Масон хрипло, старчески прокашлялся и кликнул слугу.
– Что лошади? – спросил он, не глядя на Пьера.
– Привели сдаточных, – отвечал слуга. – Отдыхать не будете?
– Нет, вели закладывать.
«Неужели же он уедет и оставит меня одного, не договорив всего и не обещав мне помощи?», думал Пьер, вставая и опустив голову, изредка взглядывая на масона, и начиная ходить по комнате. «Да, я не думал этого, но я вел презренную, развратную жизнь, но я не любил ее, и не хотел этого, думал Пьер, – а этот человек знает истину, и ежели бы он захотел, он мог бы открыть мне её». Пьер хотел и не смел сказать этого масону. Проезжающий, привычными, старческими руками уложив свои вещи, застегивал свой тулупчик. Окончив эти дела, он обратился к Безухому и равнодушно, учтивым тоном, сказал ему:
– Вы куда теперь изволите ехать, государь мой?
– Я?… Я в Петербург, – отвечал Пьер детским, нерешительным голосом. – Я благодарю вас. Я во всем согласен с вами. Но вы не думайте, чтобы я был так дурен. Я всей душой желал быть тем, чем вы хотели бы, чтобы я был; но я ни в ком никогда не находил помощи… Впрочем, я сам прежде всего виноват во всем. Помогите мне, научите меня и, может быть, я буду… – Пьер не мог говорить дальше; он засопел носом и отвернулся.
Масон долго молчал, видимо что то обдумывая.

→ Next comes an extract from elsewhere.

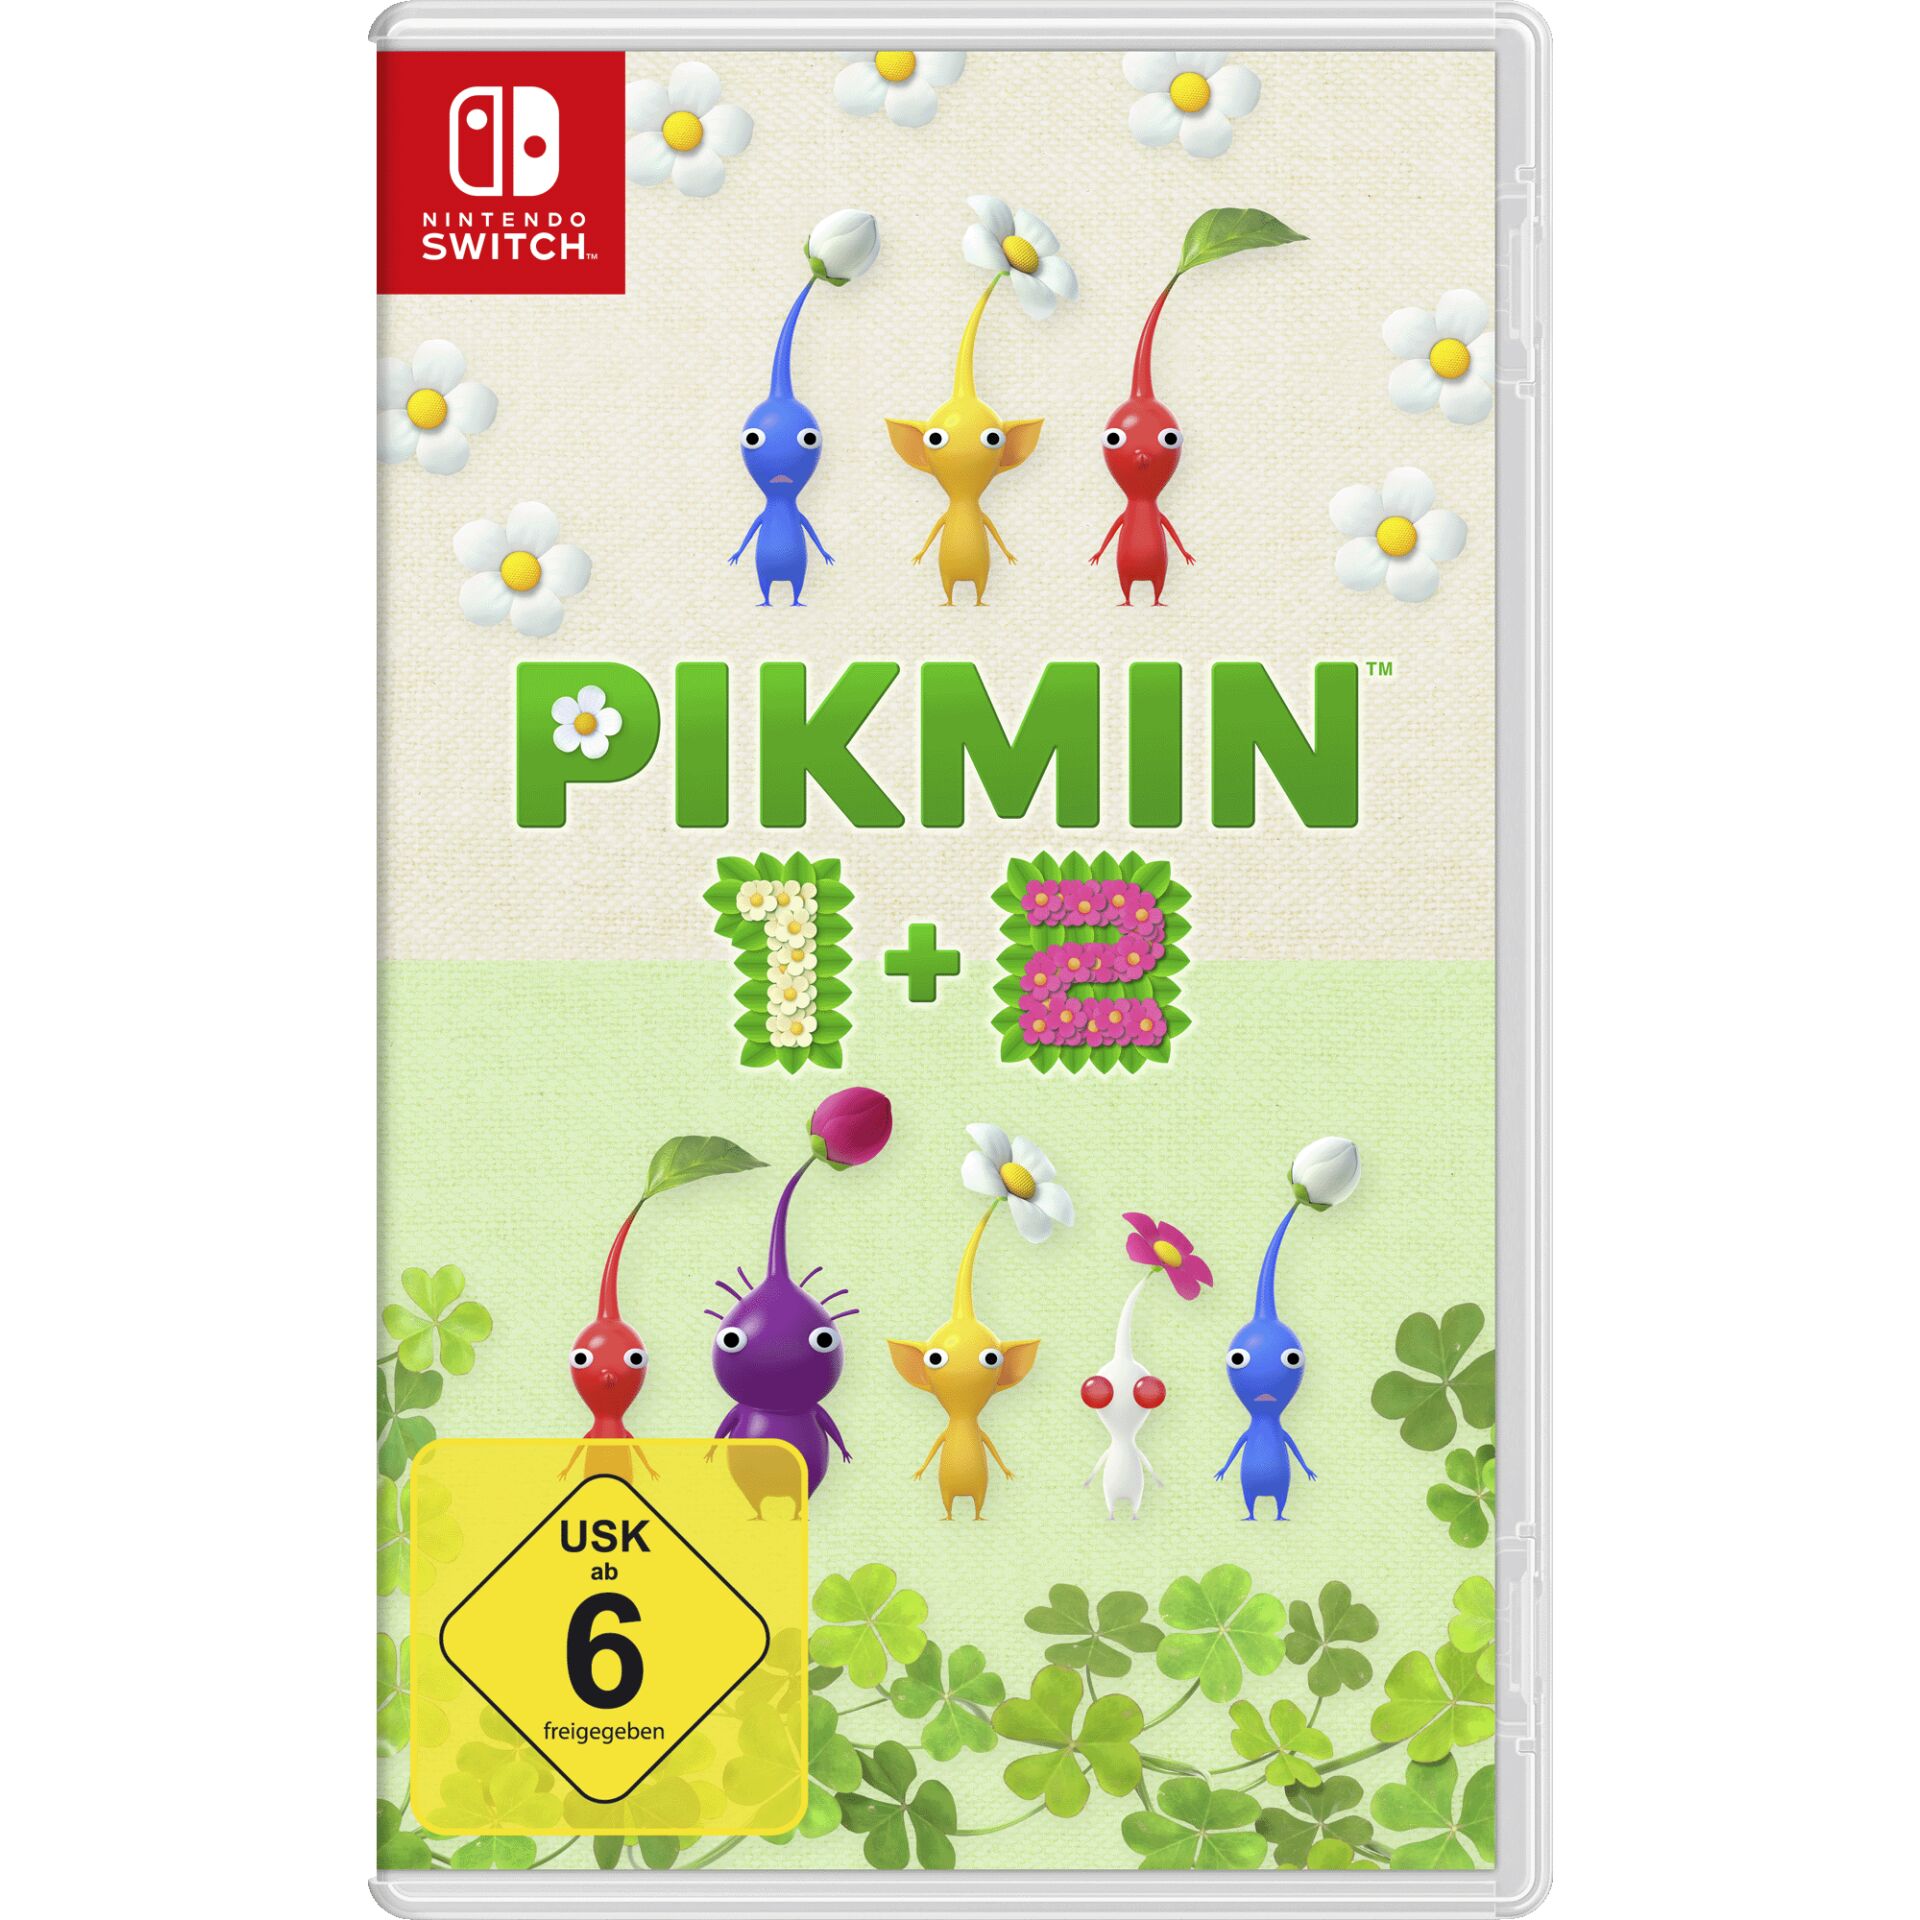 Nintendo Pikmin 1 + 2 Standard German, English, Spanish, French, Italian, Japanese Nintendo Switch

– Помощь дается токмо от Бога, – сказал он, – но ту меру помощи, которую во власти подать наш орден, он подаст вам, государь мой. Вы едете в Петербург, передайте это графу Вилларскому (он достал бумажник и на сложенном вчетверо большом листе бумаги написал несколько слов). Один совет позвольте подать вам. Приехав в столицу, посвятите первое время уединению, обсуждению самого себя, и не вступайте на прежние пути жизни. Затем желаю вам счастливого пути, государь мой, – сказал он, заметив, что слуга его вошел в комнату, – и успеха…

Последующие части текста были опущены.